Additionally I used a micrometer to measured the thickness of the un-worn end of a big end bearing shell (several of them). It's a little tricky measuring the slightly curved surfaces, but fairly accurate if only overlapping the micrometer a small amount onto the surfaces. Here I measure 0.072 inch for the thickness (radial thickness of the bearing shell).
For my bore measurements with the dial gauge I feel confident with all the numbers being accurate to within +/-0.0010". Additionally, the dial bore gauge is easily repeatable to within 0.0005 inch total range, so it is very easy to tell if the bore is out of round.
Now the stack up of dimensions looks like this.
Pay attention to min and max and how they add up.
The bearing largest bore will be found with smallest crankpin and largest clearance.
The bearing smallest bore will be found with largest crankpin and smallest clearance.
OD 1.8759 to 1.8764 Crank pin standard diameter spec.
add 0.0016 to 0.0001 Oil clearance (on the diameter)
total 1.8775 to 1.8765 Bearing bore spec (new and unworn)
For the con-rod big end cradle diameter,
Largest allowable diameter will be smallest shell bore plus largest shell thickness x2.
Smallest allowable diameter will be largest shell bore plus smallest shell thickness x2.
add 0.0715 or 0.0720 Bearing shell thickness (one side)
add 0.0715 or 0.0720 Bearing shell thickness (second side)
total 2.0205 to 2.0205 OD of bearing shell or ID of big end bore.
Notice this does not allow any tolerance error for machining the cradle bore in the big end of the con-rod. There must of course be some machining tolerance here, no matter how small it may be specified. There is therefore some rash assumption that not all tolerances will build to a worst case condition. To cover your tail in this case someone needs to check the final results after machining to assure that the oil clearance actually is in the specified range after machining and assembly.
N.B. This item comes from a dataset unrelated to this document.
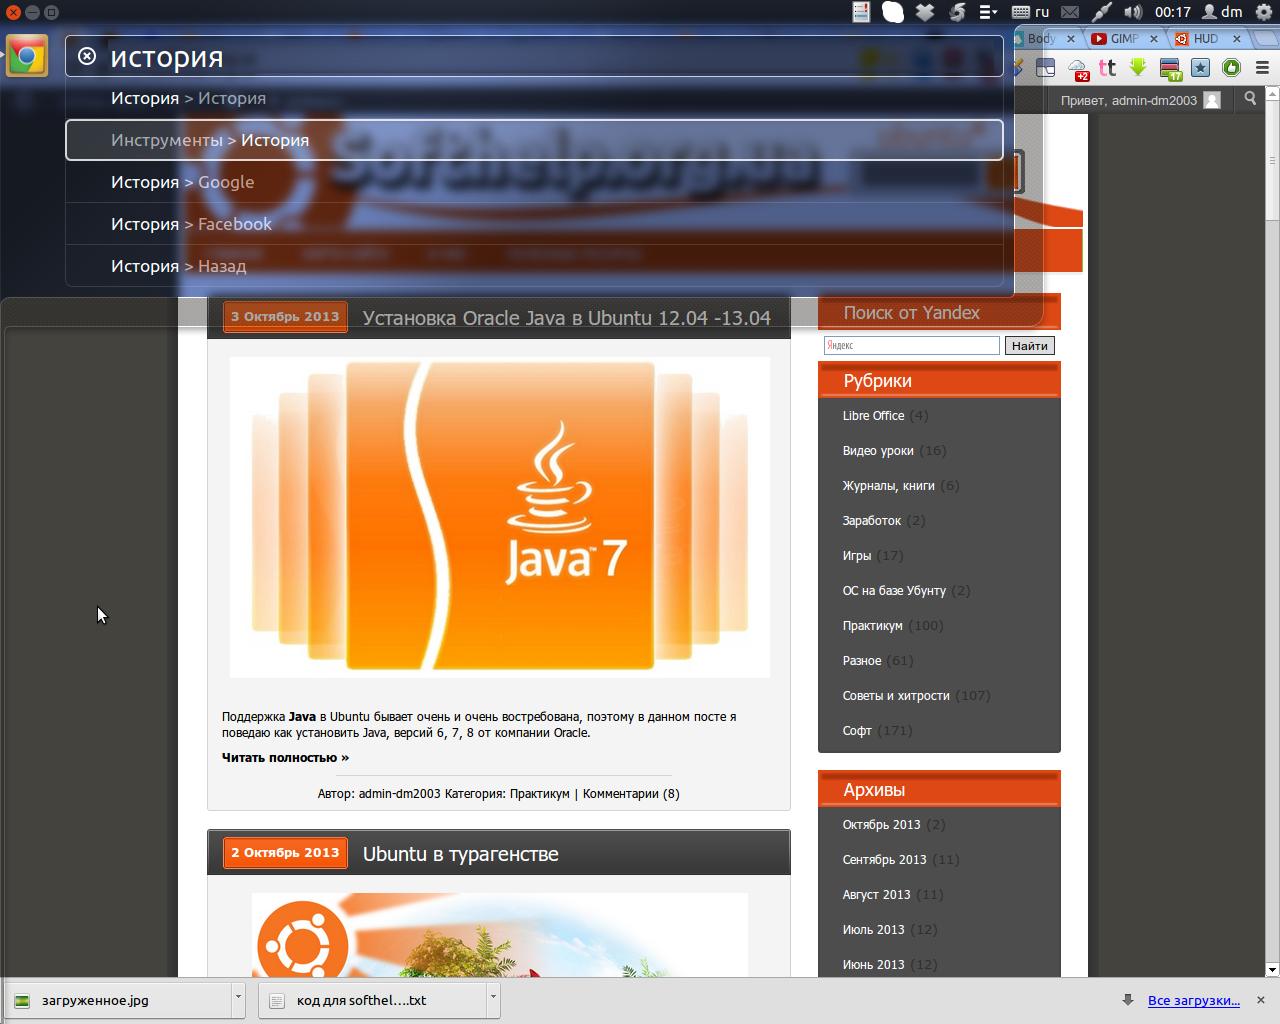 Снимок экрана от 2013-10-06 00:17:18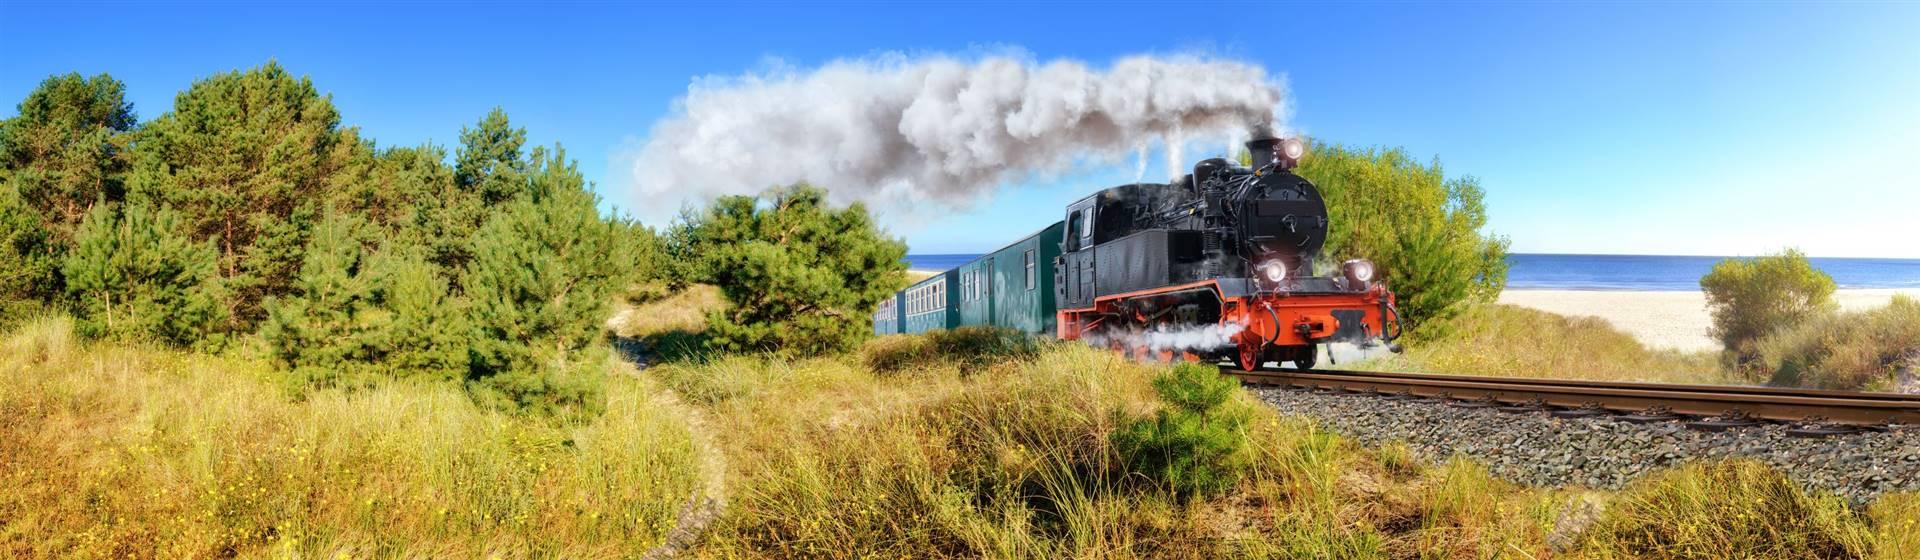 """<img src=""""rugensteampan-shutterstock.jpeg"""" alt=""""Rugen Steam Train""""/>"""

One thing that bothers me some is the book specs for oil clearance in the 1500 rod journals. By the book it could be as little as 0.0001, which I think it impossible as it would not allow for any oil flow for cooling the bearings, and friction would make them promptly overheat and melt the white metal. The 1600 spec is .0010 to .0025 (.0009 larger), which is reasonable. I don't know why there would be a difference, because the 1500/1600 cranks are the same part number. Possibly the later dimensions supersede the earlier ones in production, so any replacement part would have the later dimensions. [As it turns out later, the second bearing has a different factory part number].
Since the spec's for the 1600 crankshaft are otherwise supposed to be the same as the 1500 parts, it would imply that the con-rod big end cradle bore would have to be about 0.0010 larger to provide the specified increased oil clearance. There is otherwise nothing in the book to explain how they arrive at different clearance for the con-rod bearings. If I split the difference and bump the big end cradle diameter up by half a thou it comes to total 2.0210 OD of bearing shell or ID of big end bore,
which by coincidence matches my actual measurement.
For the main bearings add 0.125 to all diameters, bringing the main bearing cradle bore up to 2.1460 diameter.
Change the journal OD slightly to account for any differences in oil clearance.
Reduce journal OD in 0.010 increments for regrinds.
Increase bearing shell thickness in 0.005 increments to match regrinds.
Dimensions found in the ACL bearing catalog for 1800 3-Main engine:
CONROD BEARING No. 12H33
Max Wall: .0718
MAIN BEARING No. 12H801
Max Wall: .0715
While the MGB part numbers (and main journal diameter) are different from MGA, the "Tunnel" diameters and wall thickness indicate that my dimensions for MGA are correct.